= James Finlay & Co =

UK business

James Finlay & Co was formed in 1750 and under the leadership of Kirkman Finlay became one of Scotland's leading cotton manufacturers and merchants. In the 1860s the firm came under the control of John Muir and diversified into Indian tea plantations. The cotton business was eventually closed and, after an unsuccessful period of diversification, Finlay concentrated on its core interests of tea and other agricultural produce. In 2000, the firm was acquired by John Swire & Son.

==Early history==
James Finlay was born in Killearn Stirlingshire in 1727. He started work in the textile trade until he had enough money to become a merchant and manufacturer. In 1769 he was made a "Burgess and Gild Brother" in Glasgow enabling him to build up a modest business. When James died in 1790, the assets of the firm were £11, 785. It was James's younger son, Kirkman Finlay, that took the firm into manufacturing and made it a major force in the Scottish cotton industry.

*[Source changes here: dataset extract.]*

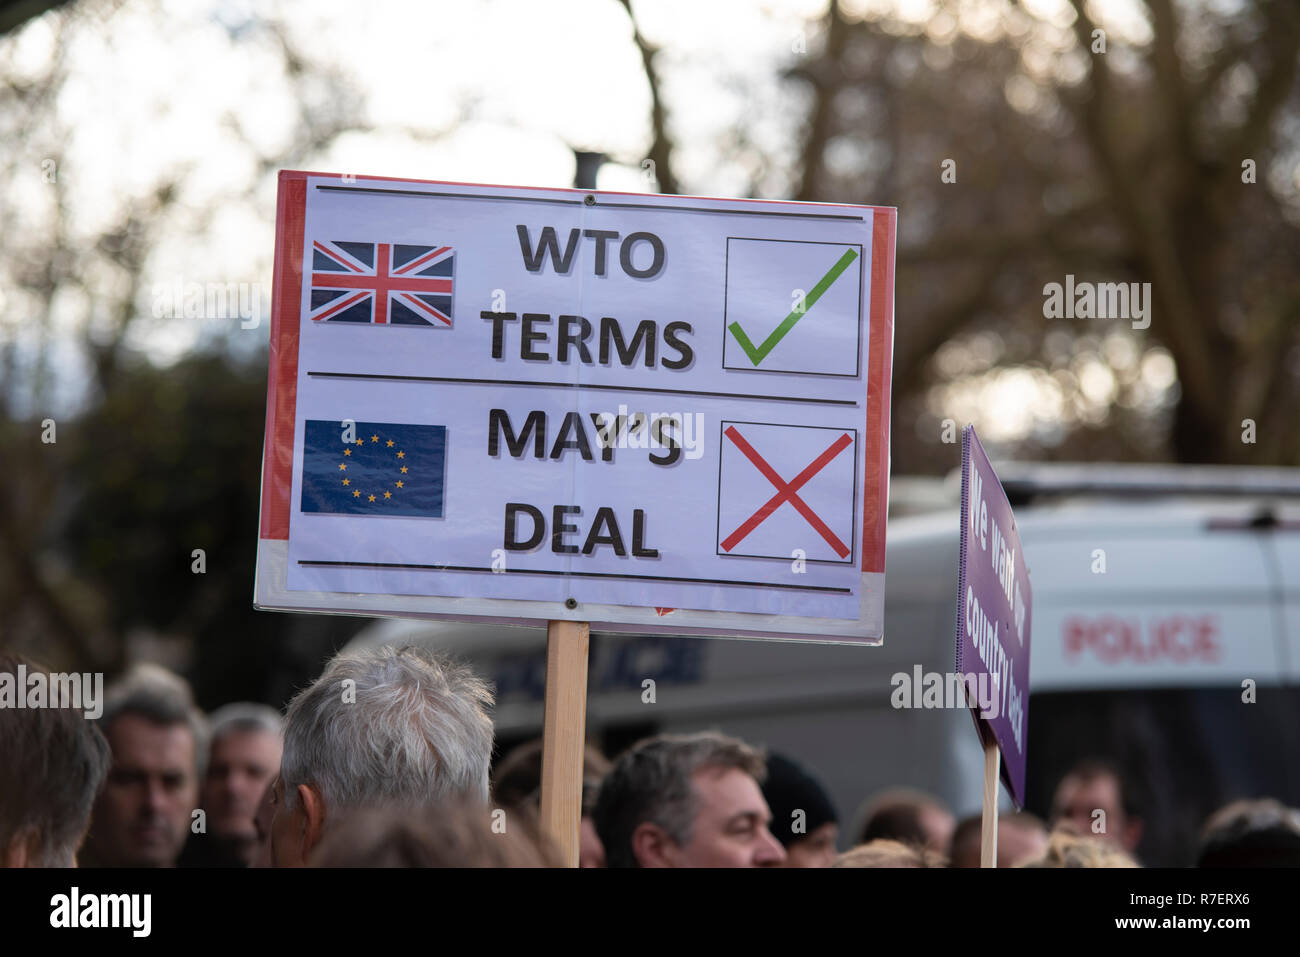 Brexit Betrayal march. Protesters are demonstrating at what they see as a betrayal by the UK government in not following through with leaving the EU in its entirety after the referendum. WTO Stock Photo

Kirkman was born in 1773 and took over the firm at the age of 17 on the death of his father. It was he who was responsible for the early growth of James Finlay & Co. broadening the merchanting and turning the firm into one of the leading Scottish cotton manufacturers. The increase in Finlay's trade required more capital and in 1792 Kirkman widened the basis of the firm by what Brogan described as entering into partnership with the Glasgow merchants Leitch and Smith, and Stirling, Gordon, These two firms were among the larger Glasgow West India merchants, and Devine noted that Leitch and Smith and Stirling, Gordon & Co held about fifty per cent of the capital stock of James Finlay & Co. These new relationships helped Finlay expand its export of cotton manufactures to Europe.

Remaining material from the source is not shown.